St. Modwen Properties Limited
- Type: Private limited company
- Industry: Property and Regeneration
- Predecessor: Clarke St. Modwen Redman Heenan International plc
- Founded: 1966
- Headquarters: Birmingham, United Kingdom
- Key people: Sir Stanley Clarke CBE, (co-founder) Jim Leavesley, (co-founder) Danuta Gray, Non Executive chairman Sarwjit Sambhi, (CEO)
- Revenue: £342.1 million (2020)
- Operating income: ▼£(126.6) million (2020)
- Net income: ▼£(120.8) million (2020)
- Parent: The Blackstone Group
- Website: www.stmodwen.co.uk

= St. Modwen Properties =

British real estate company

St. Modwen Properties Ltd. was a British-based property investment and development business specialising in the regeneration and remediation of brownfield land and urban environments. It was headquartered in Birmingham and had a network of four regional offices across the UK. It was listed on the London Stock Exchange until it was acquired by The Blackstone Group in August 2021.

==History==
The business was founded by Sir Stanley Clarke CBE and his brother-in-law Jim Leavesley in 1966 as a property development business called Clarke St. Modwen. In 1986 the management reversed the business into Redman Heenan International plc, a listed former engineering concern that had become a shell company. At that time, in 1986, the name was changed to St. Modwen Properties plc. In the 1980s the company developed the Stoke-on-Trent Garden Festival site.

In January 2004 the company acquired a 230-acre site at Longbridge from Phoenix Venture Holdings. The land at the Longbridge site was obtained by St Modwen Properties at a fraction of the actual value after the company paid a £100,000 property commission to a firm run by an associate of the Phoenix Four.

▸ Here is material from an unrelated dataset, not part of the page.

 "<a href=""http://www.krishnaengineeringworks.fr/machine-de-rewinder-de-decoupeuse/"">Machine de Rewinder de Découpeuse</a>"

In January 2013 the company entered into a development agreement for the New Covent Garden Market site in London and in March 2013 the company entered into a development agreement for the first phase of Swansea University's Bay Campus.

In June 2016 the company entered into development agreements for the Spray Street Quarter in Woolwich, a regeneration project in joint venture with Notting Hill Housing to create a mixed-use development; Chippenham Gateway in Wiltshire, a 79-acre site to be developed into a 1 million sq ft industrial park; and Stanton Cross, Wellingborough, a project involving 1 million sq ft of industrial accommodation.

In July 2016 the company established a private rented sector (PRS) business unit.

In 2018, the Court of Appeal ruled that in entering a development agreement with St. Modwen to develop an industrial estate in Newbury, West Berkshire Council had "effectively agreed to act unlawfully in the future". The disposal of the land in question was seen by the Council as a "land transaction" rather than a public works contract, and the opportunity to acquire the land was advertised so as to secure interested bids and "best consideration" in accordance with the Local Government Act 1972. The agreement allowed the developer the option to draw down land under a series of long leases, but if an option was taken up, the developer was contractually obliged to develop the site. The Court of Appeal, overruling the Administrative Court's judgment at first instance, held that such "contingent obligations" met the criteria for being considered a public works contract, whose procurement should have been undertaken in accordance with the full requirements of the Public Contracts Regulations 2015. The development agreement was ruled "ineffective".

The company agreed to be acquired by The Blackstone Group in a £1.24 billion (€1.4 billion) transaction in May 2021.

The assets managed by St. Modwen Logistics were transferred to Industrials REIT, later Indurent, in July 2024.

In December 2024, Miller Homes agreed a deal to buy St. Modwen Homes in a deal worth around £215 million, subject to regulatory approval in early 2025.

==Operations==
The company had three business units:
- St. Modwen Homes
- St. Modwen Industrial & Logistics
- Strategic Land and Regeneration

The company owned a property portfolio valued at £0.9 billion at 30 November 2020.